Exercise description >> Strip the pictures, then copy the remaining data exactly as it stands.

Data shown >>

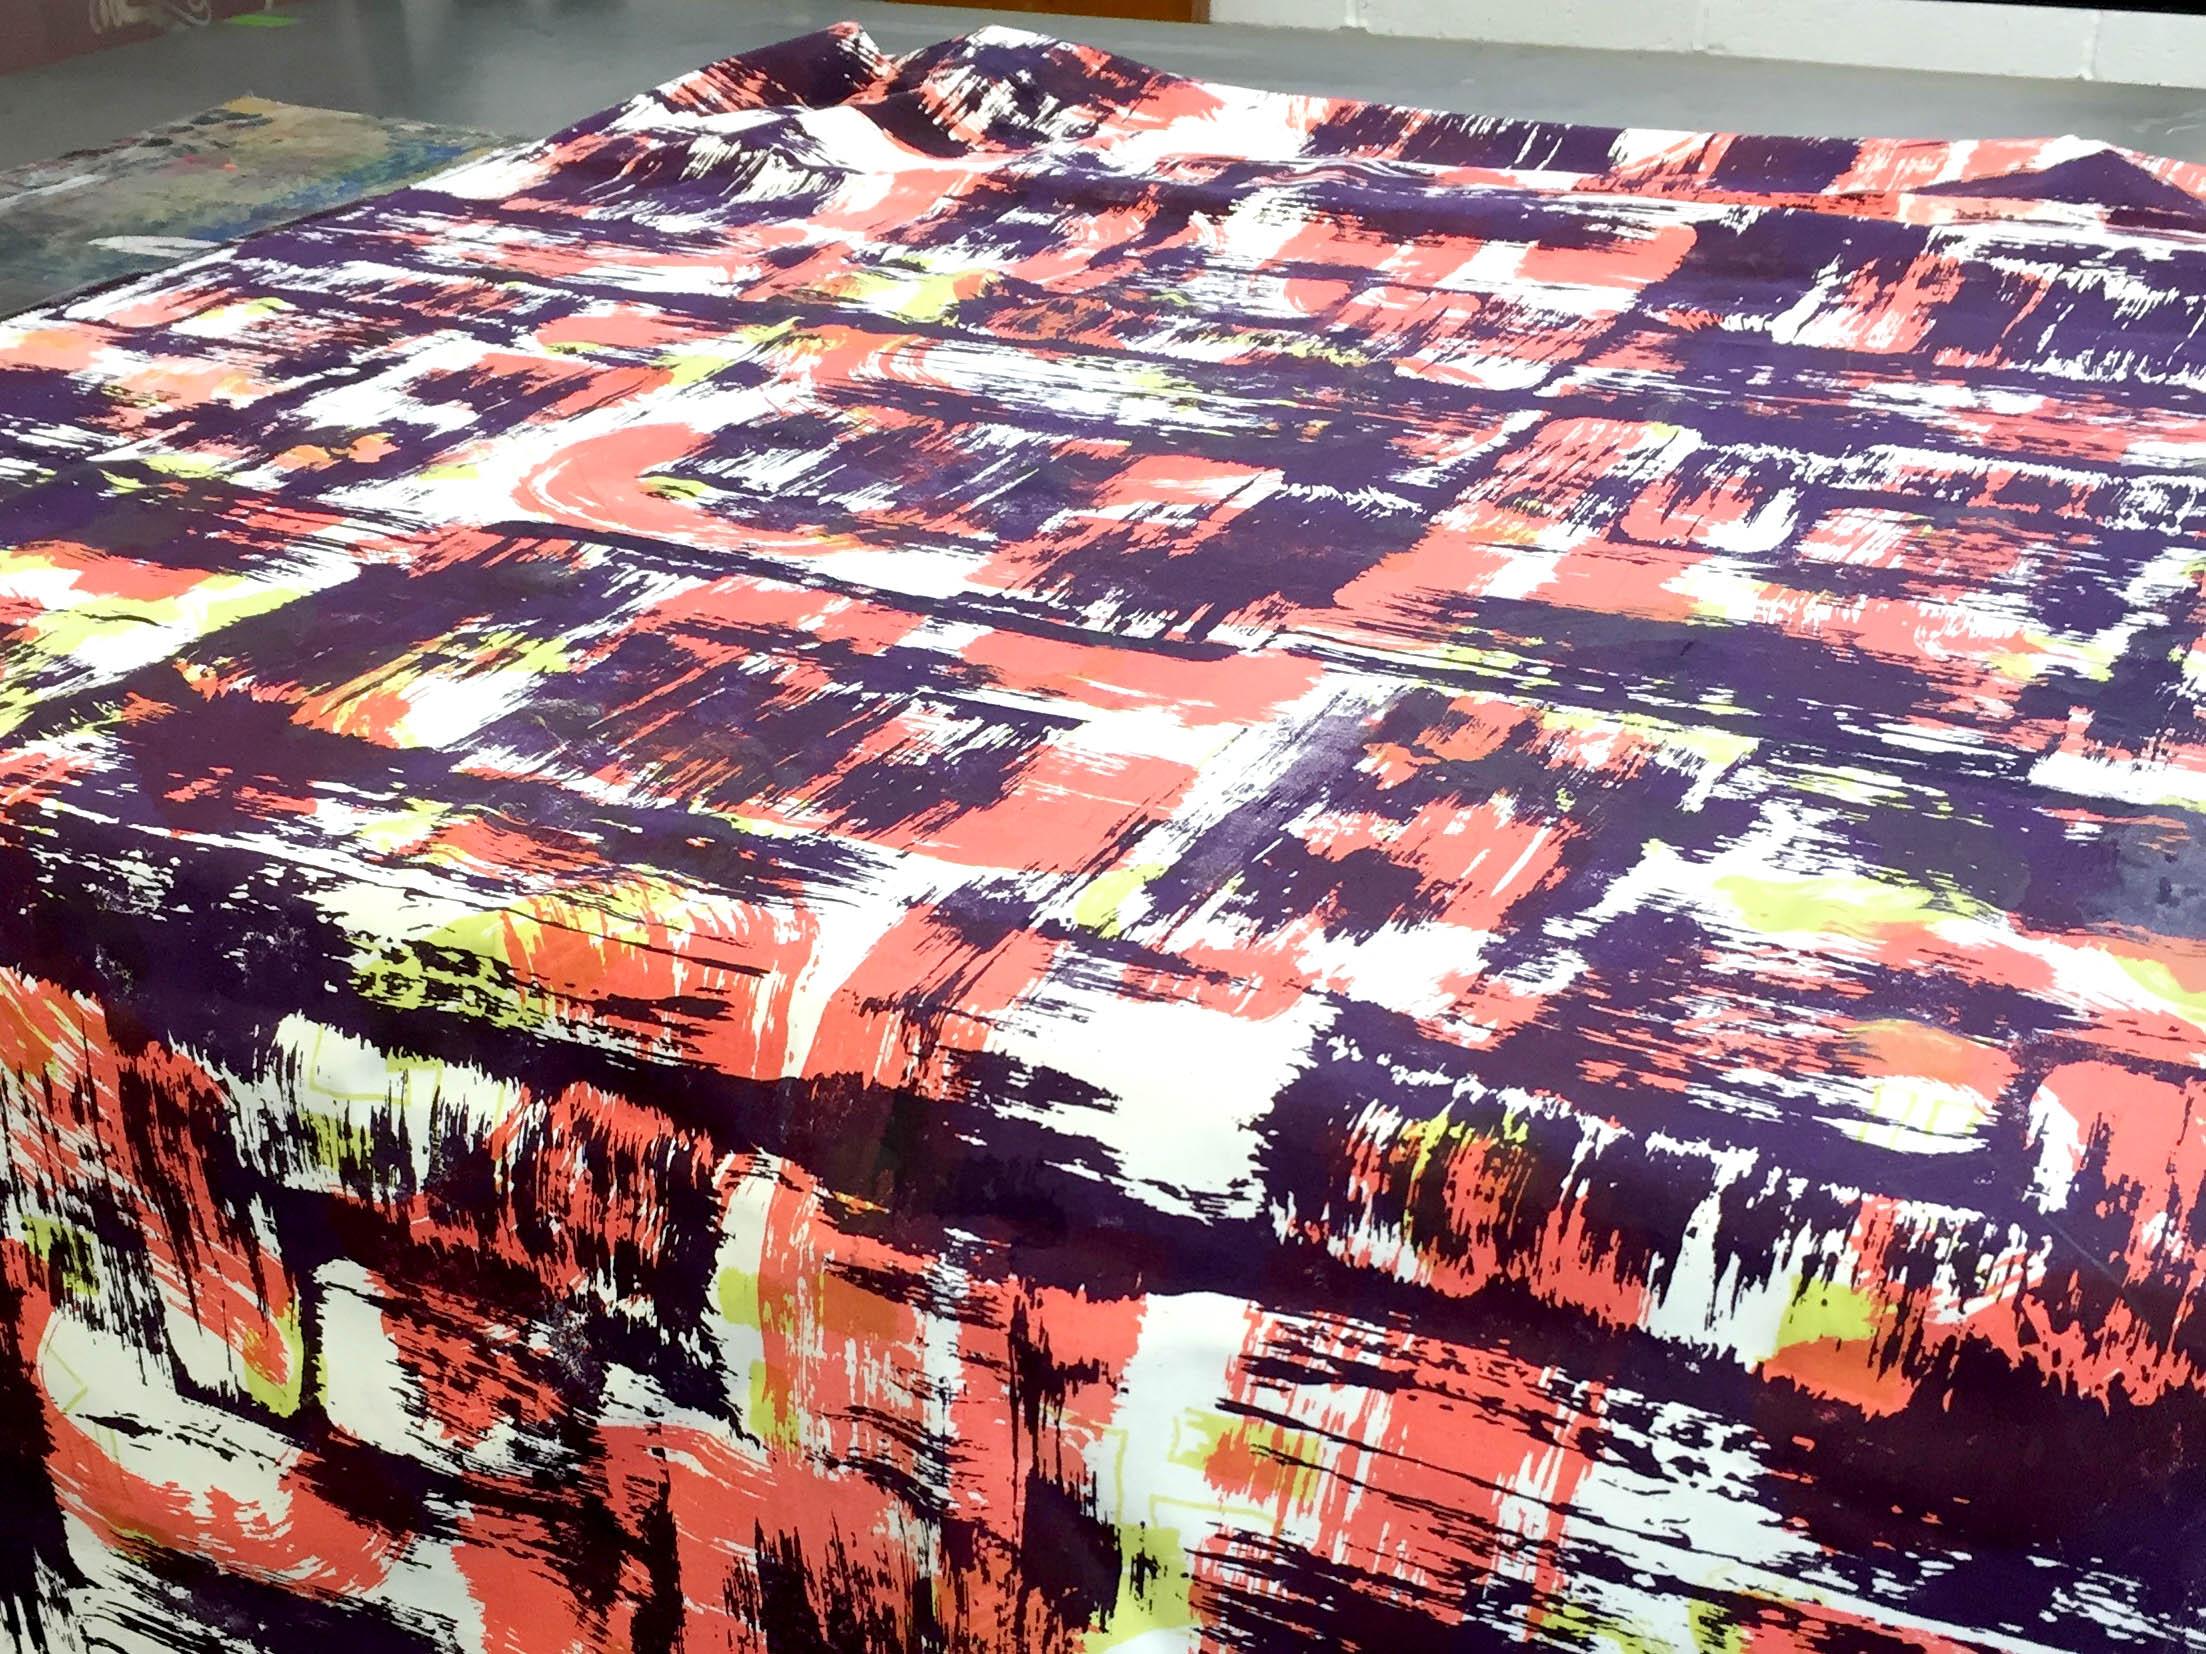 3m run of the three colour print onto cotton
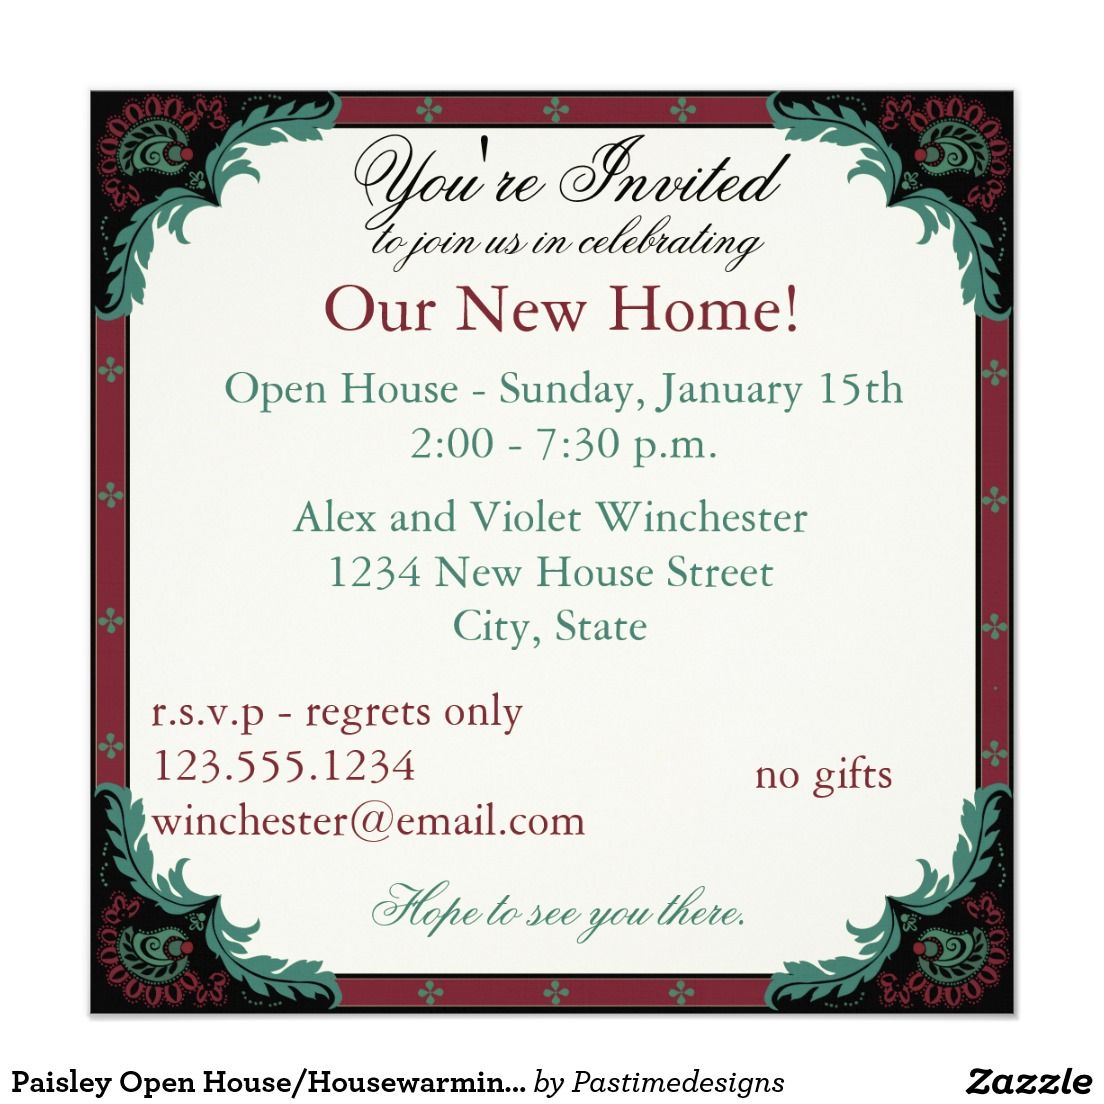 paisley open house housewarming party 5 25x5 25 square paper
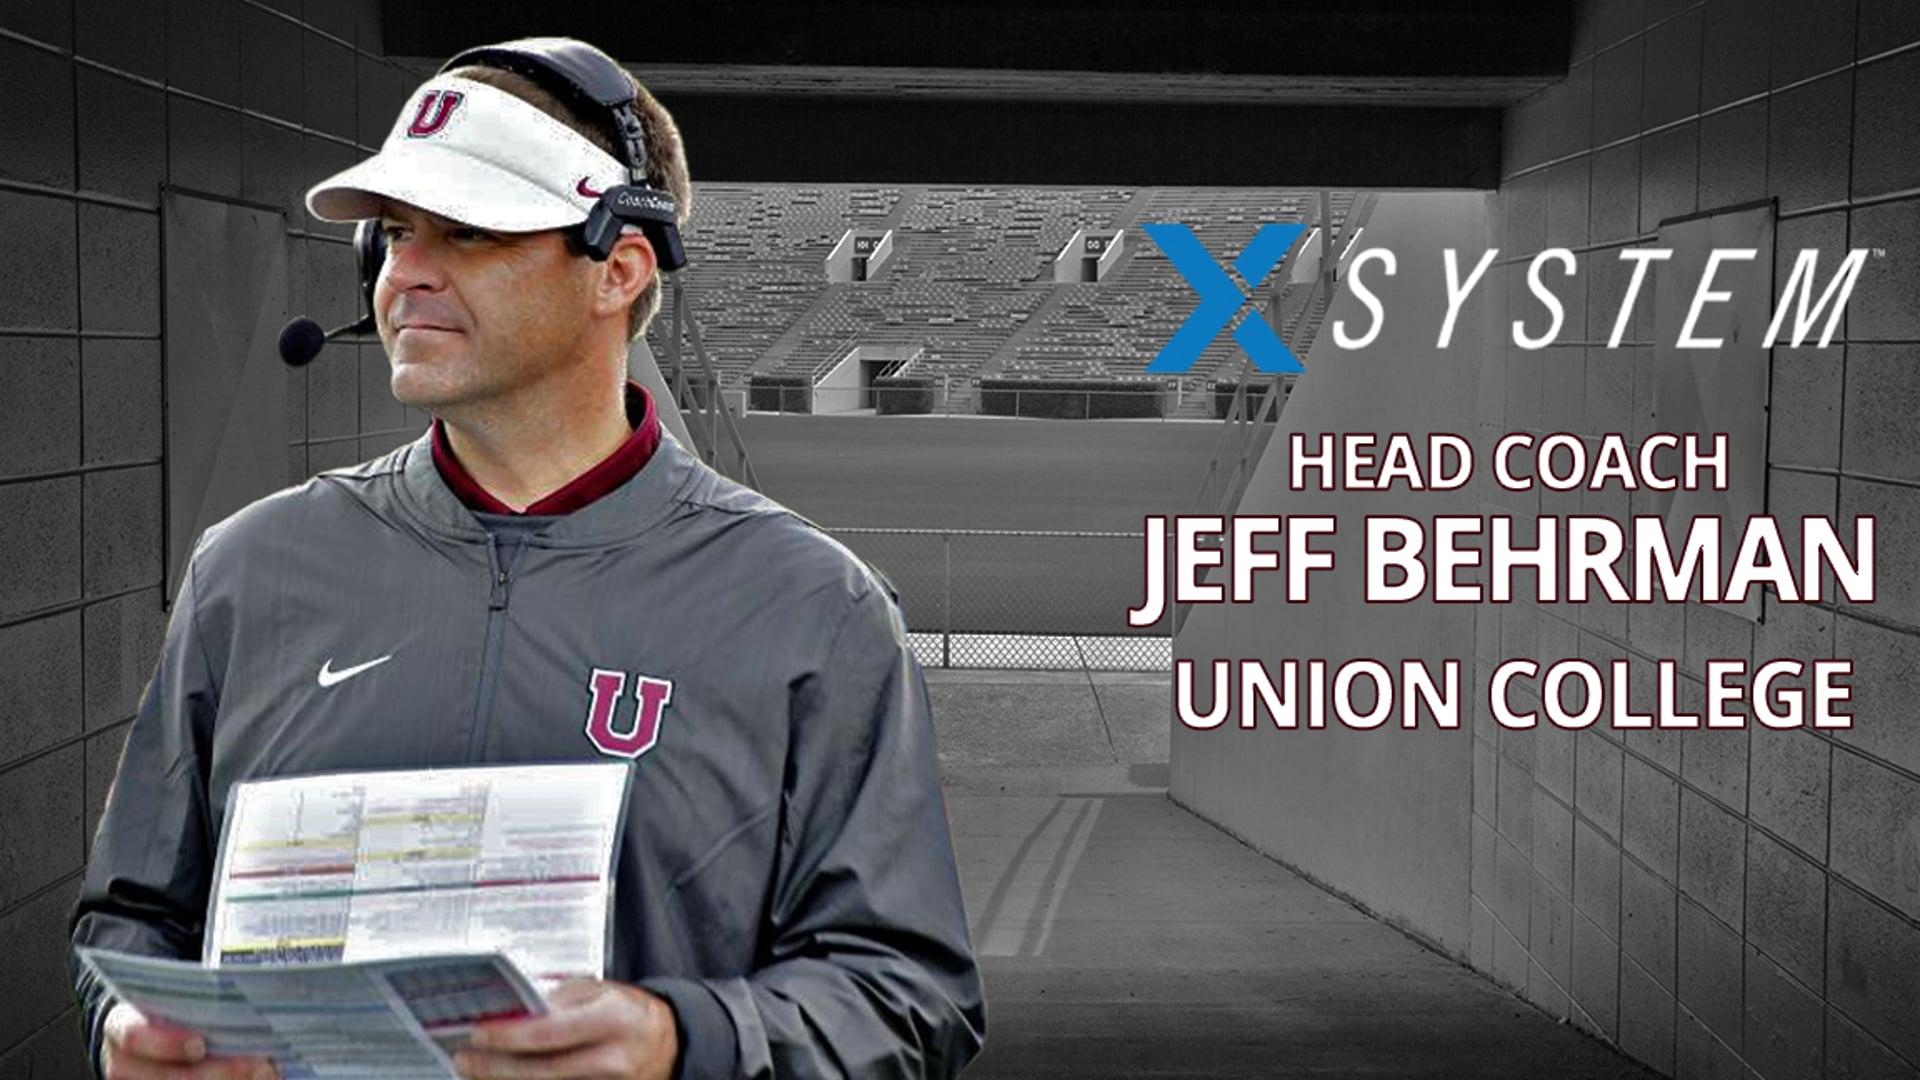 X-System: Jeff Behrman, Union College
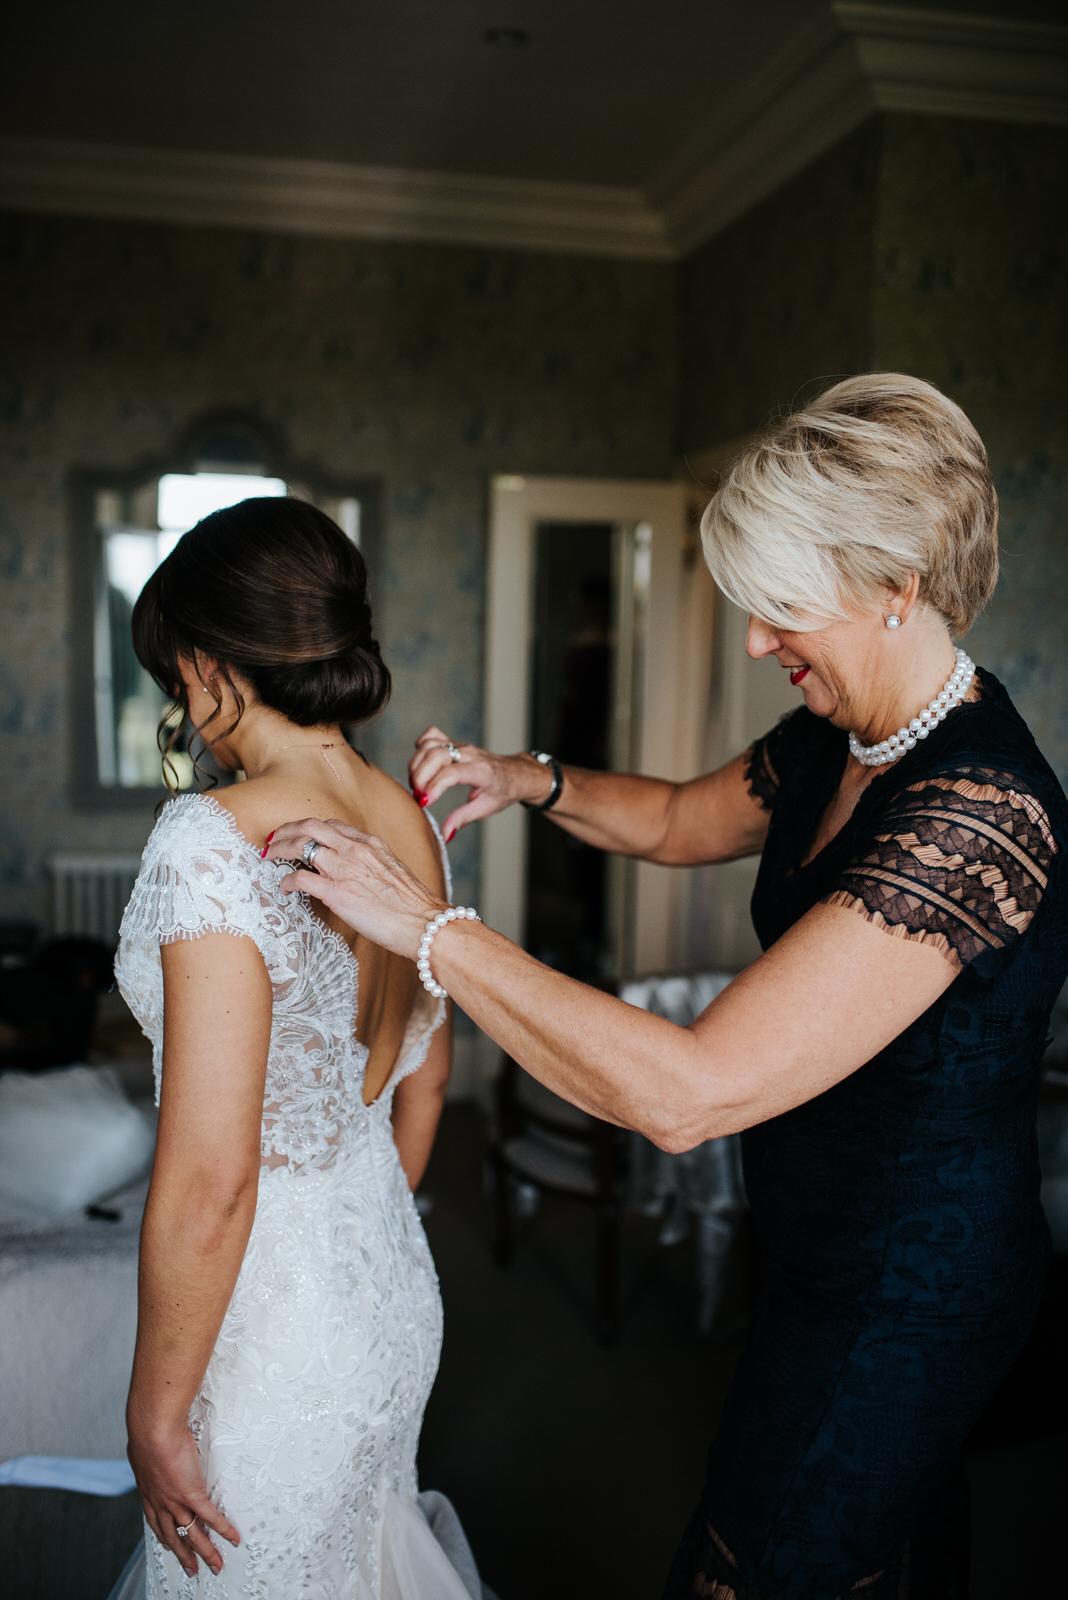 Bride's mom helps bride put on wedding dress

Finished exercise >>
 3m run of the three colour print onto cotton
 paisley open house housewarming party 5 25x5 25 square paper
 X-System: Jeff Behrman, Union College
 Bride's mom helps bride put on wedding dress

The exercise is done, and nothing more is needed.